Keeping in mind which positive leg corresponds to which color, you can wire this LED into a circuit just like you would three separate LEDs. Just connect the positive leg(s) you want to use to power or to an Arduino output pin through a current-limiting resistor, and connect the common cathode to ground.

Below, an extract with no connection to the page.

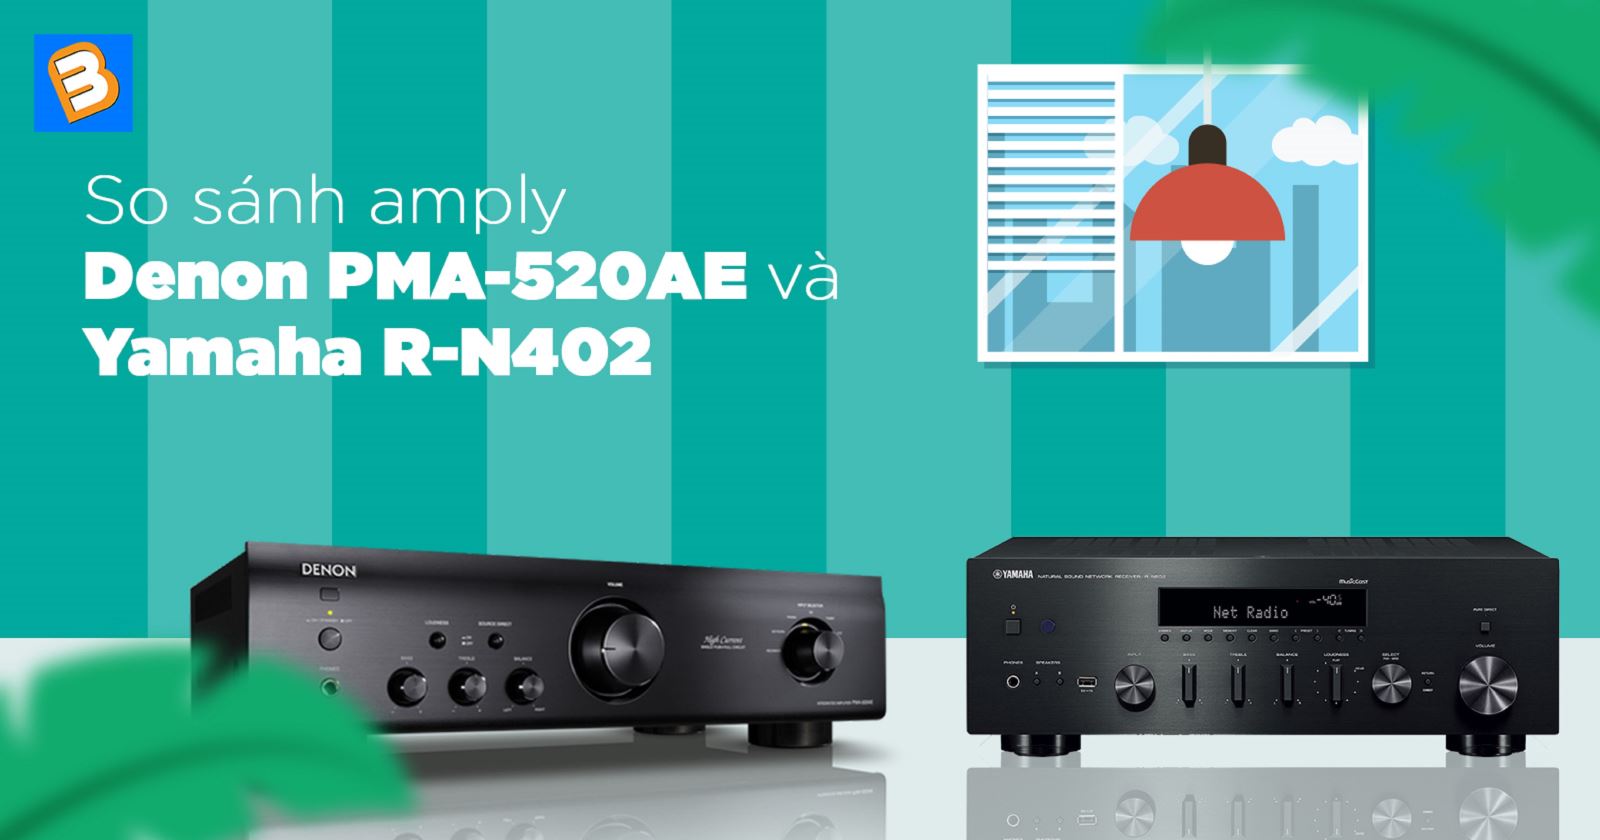 So sánh amply Denon PMA-520AE và Yamaha R-N402

RGB LEDs are cool because you can use them to create a slew of colors. Red, green, and blue are the primary colors in the additive color scheme, and the LED can mix these colors to create light in other colors. (This is different from the
primary pigments
—red, blue, and yellow—which, as you might remember from grade-school art class, mix together in paints to create new colors.) The additive color wheel in
Figure 5-6
shows how primary colors can combine to create any color in the rainbow.
FIGURE 5-6:
The additive color wheel
With your RGB LED, if you turn on the blue LED and the red LED together, you get magenta light. Combine the red and green LEDs, and you get yellow. If all the LEDs are on, you get white light. This concept is the foundation for how an LED TV or monitor works: each pixel on your screen is essentially an RGB LED.
This Night-Light will turn on when it is in a dark room and turn off when the room is bright. That means the Night-Light needs to determine whether the room is dark. To do so, it uses a light sensor to monitor the light level of its surroundings. There are a number of different light sensors available, but we used the simple photoresistor
shown in
Figure 5-7
. This component is sometimes also called a
light-dependent resistor (LDR)
or a
photocell
. Also, similar to many other types of sensors, a photoresistor is sometimes referred to as a
variable resistor sensor
.
The resistance of the photoresistor in this project varies from about 80 Ω to around 1,000,000 Ω (1 MΩ) depending on how much light it is exposed to. The photoresistor has a low resistance when exposed to bright light and a high resistance when it’s in the dark.
FIGURE 5-7:
A photoresistor
To use the photoresistor to measure brightness, you have to place it in a
voltage divider
circuit, like the one in
Figure 5-8
. A voltage divider uses two resistors wired in
series
(that is, in line with each other) between a supply voltage (5 V) and ground to obtain a smaller voltage.